* Records supplied:
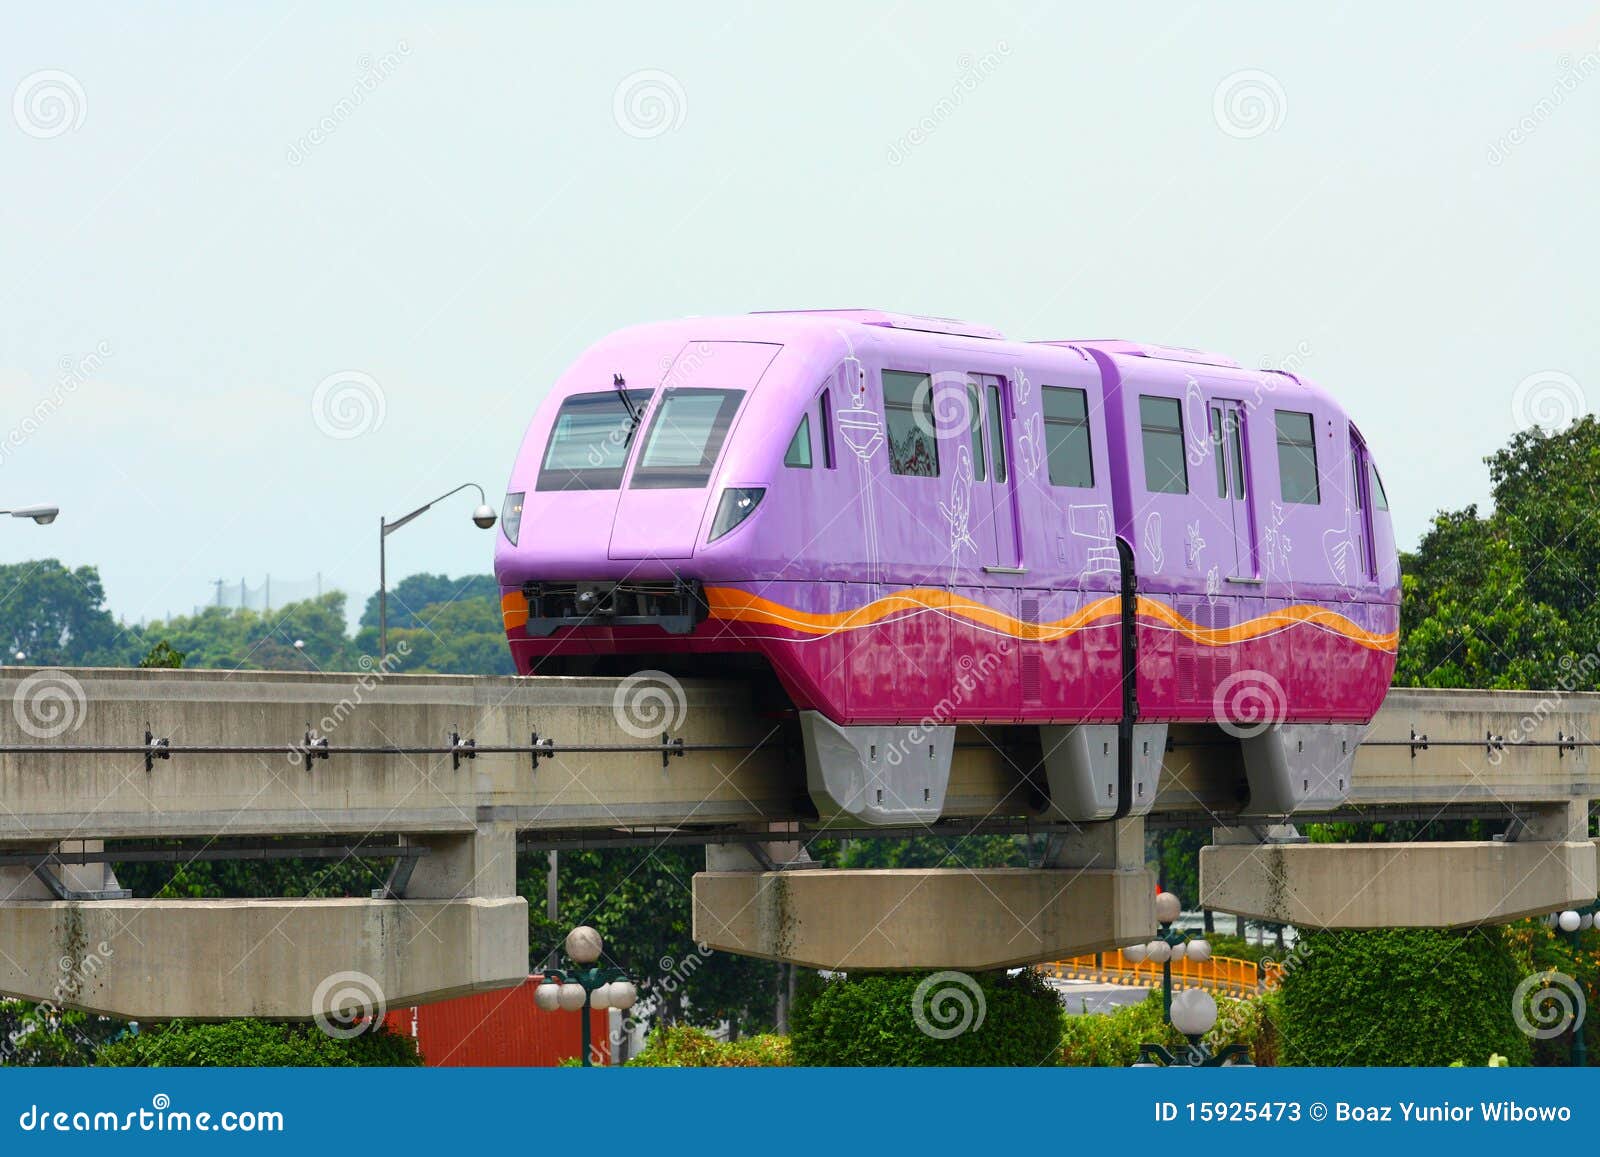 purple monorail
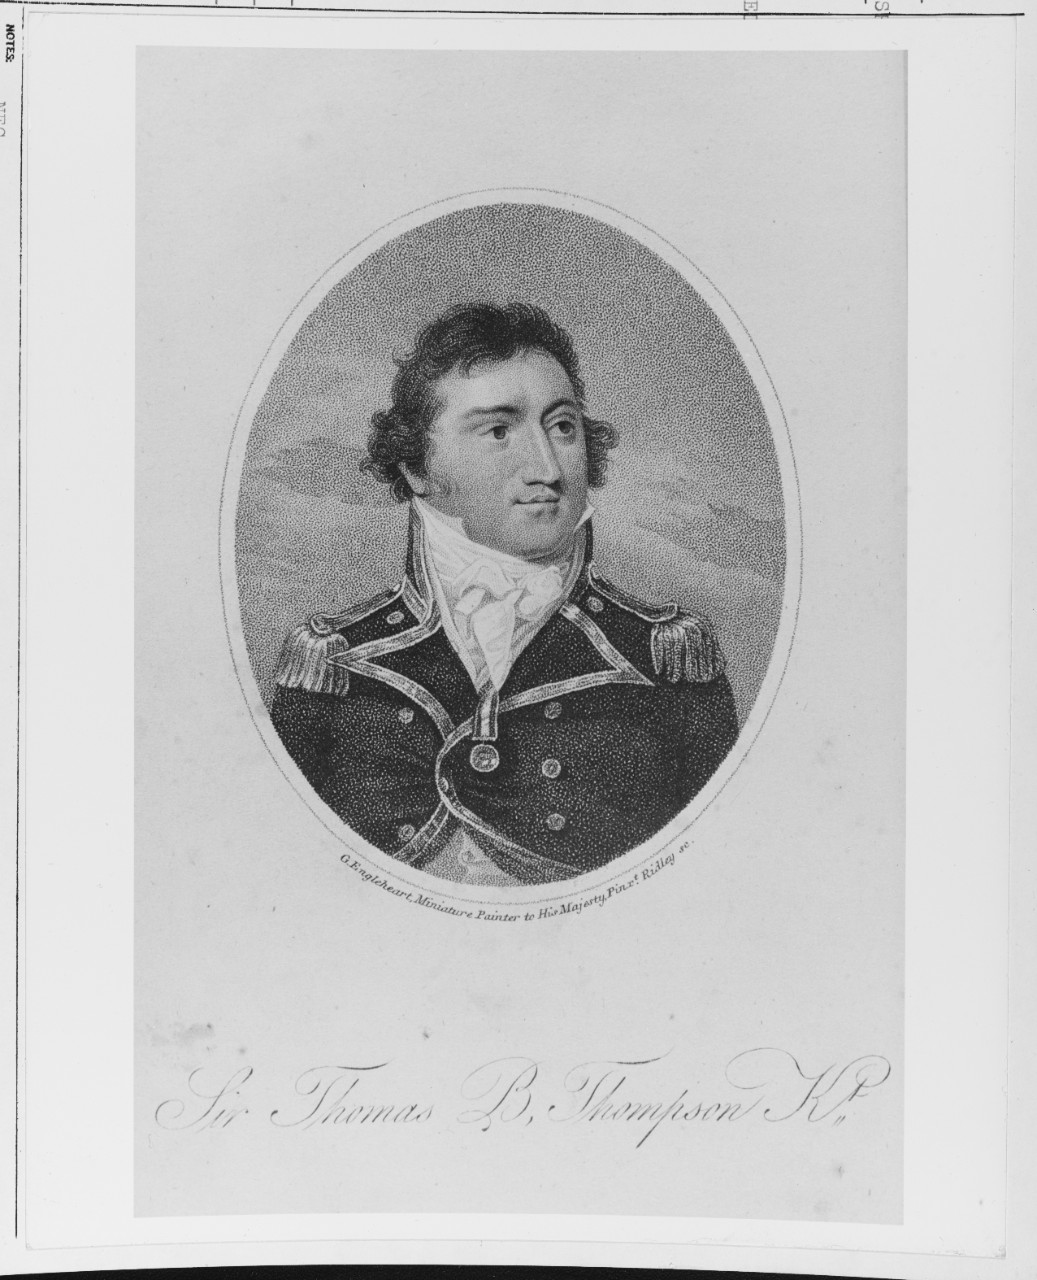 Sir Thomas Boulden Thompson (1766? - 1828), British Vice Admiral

...

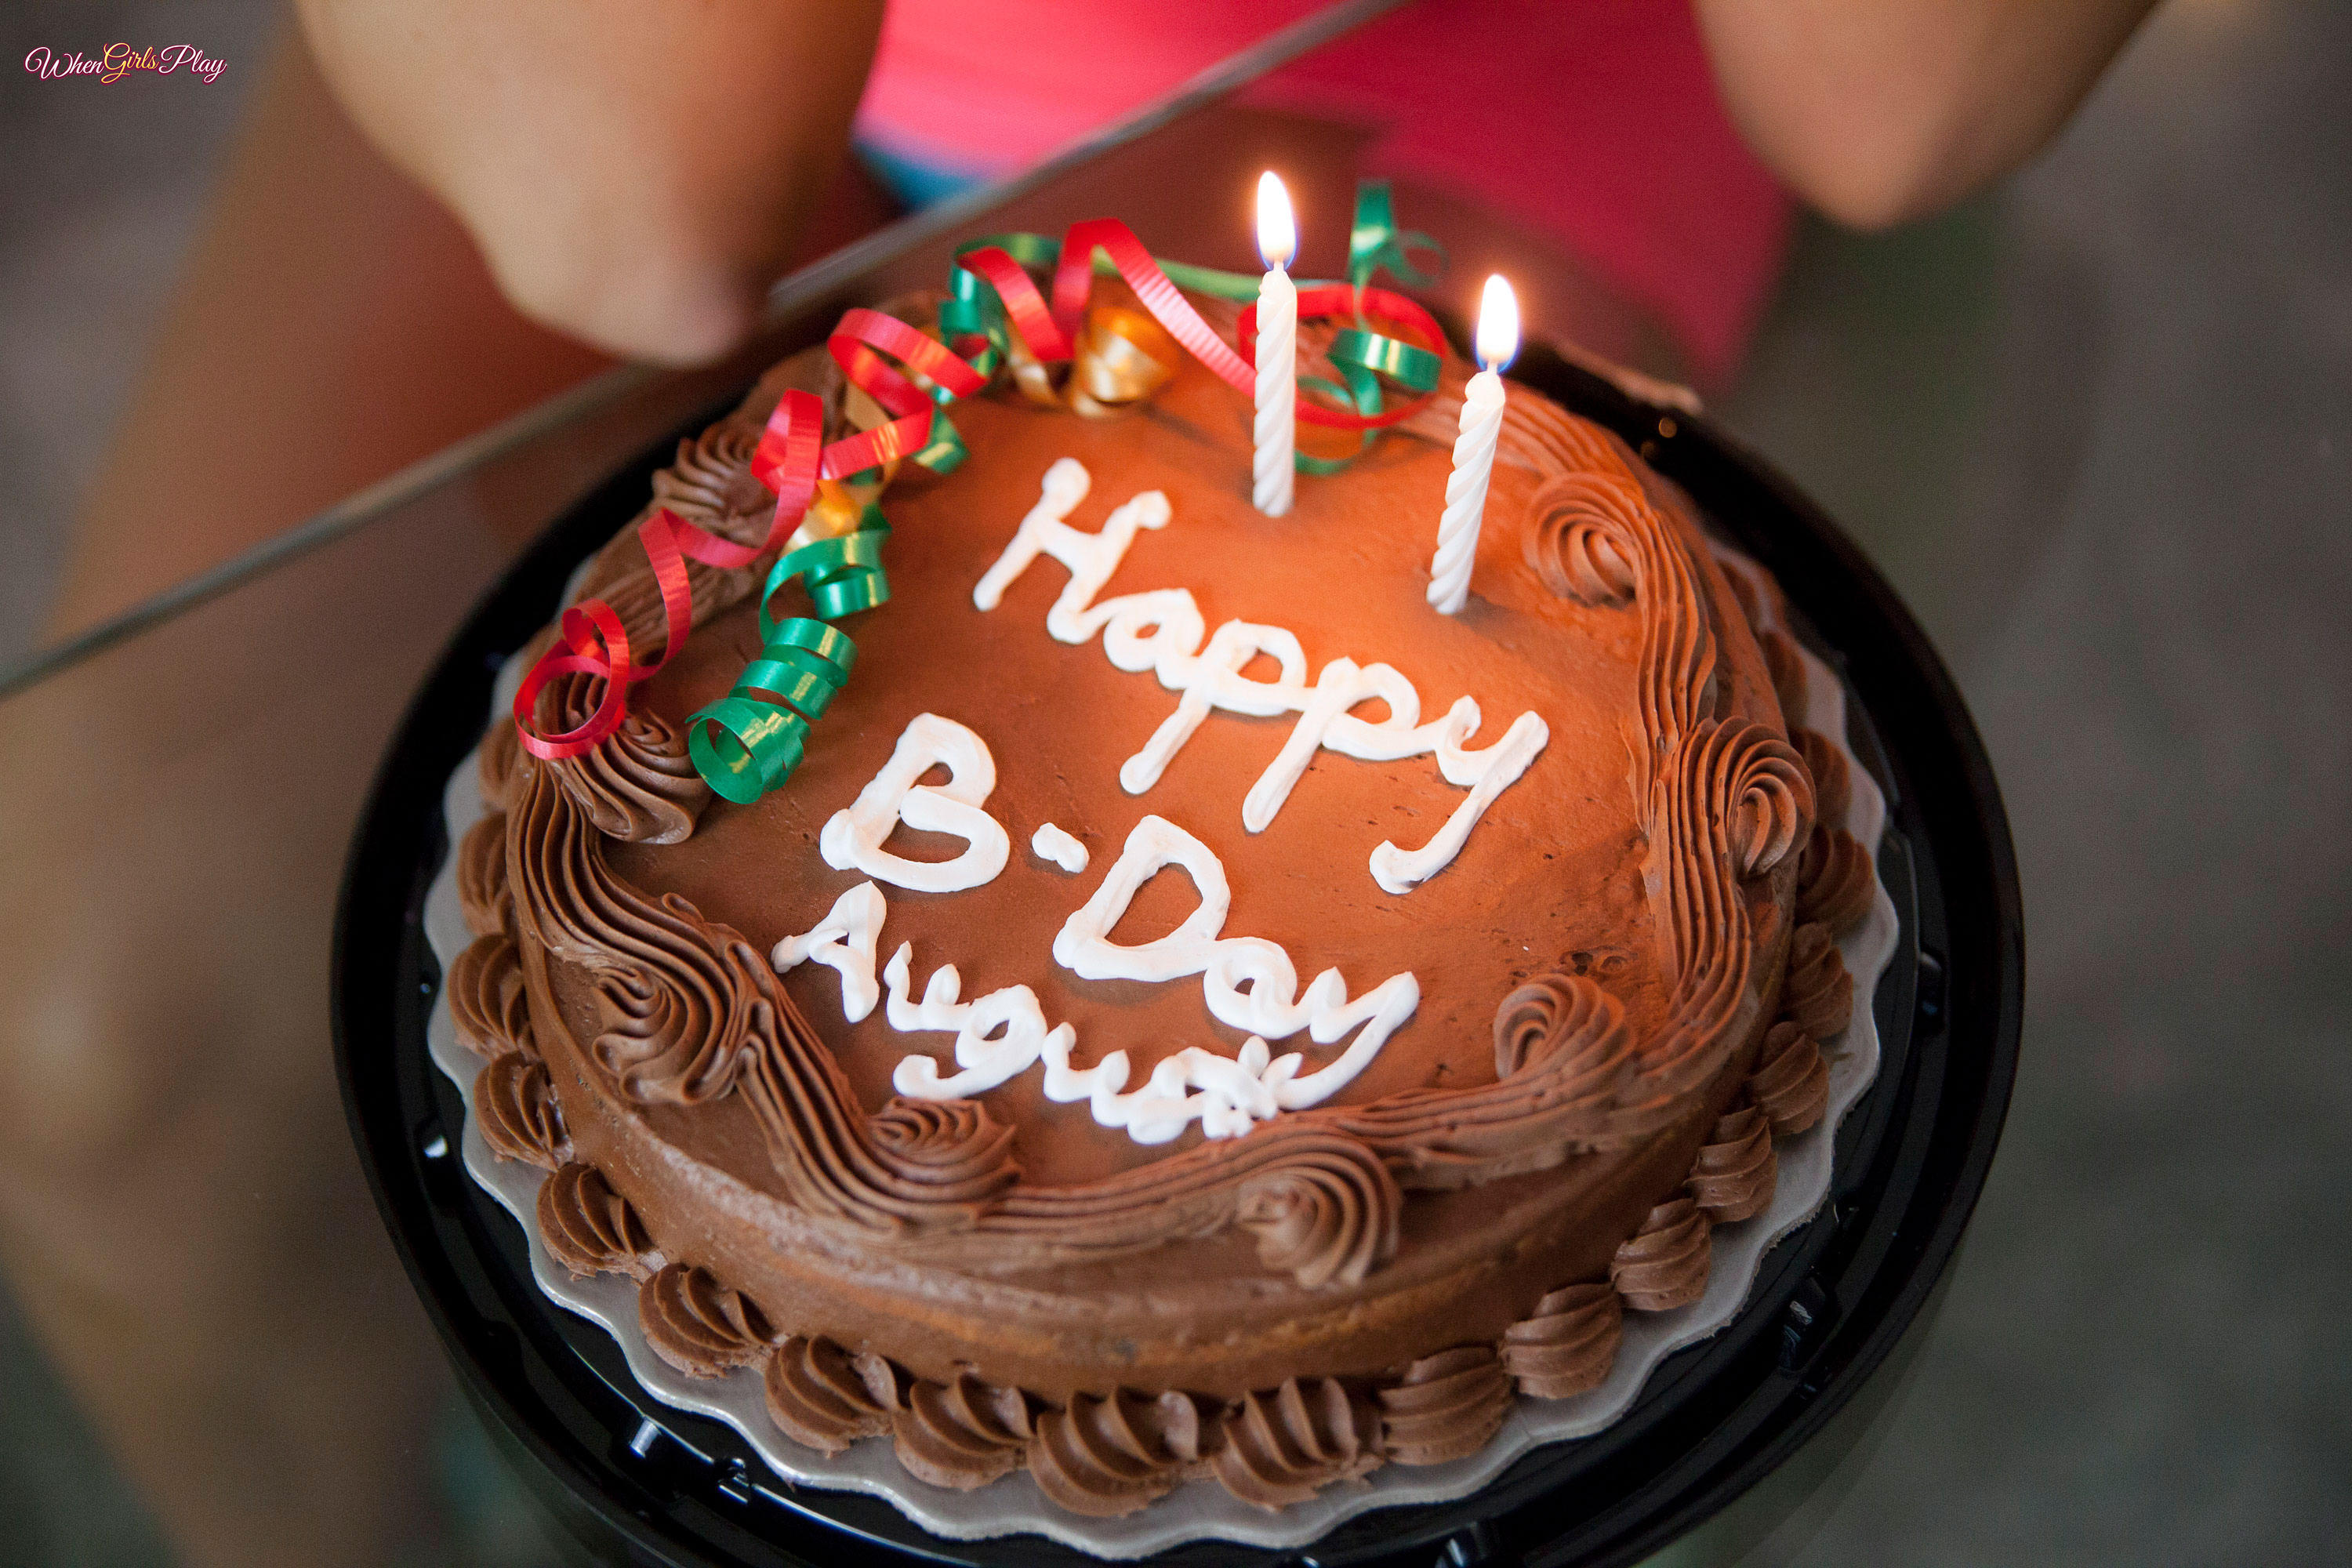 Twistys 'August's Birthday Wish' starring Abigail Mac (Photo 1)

* Problem statement:
Reproduce the lines above beginning at the line that contains "purple monorail" and ending at the line that contains "Sir Thomas Boulden". No pictures.

* Response to this exercise:
 purple monorail
 Sir Thomas Boulden Thompson (1766? - 1828), British Vice Admiral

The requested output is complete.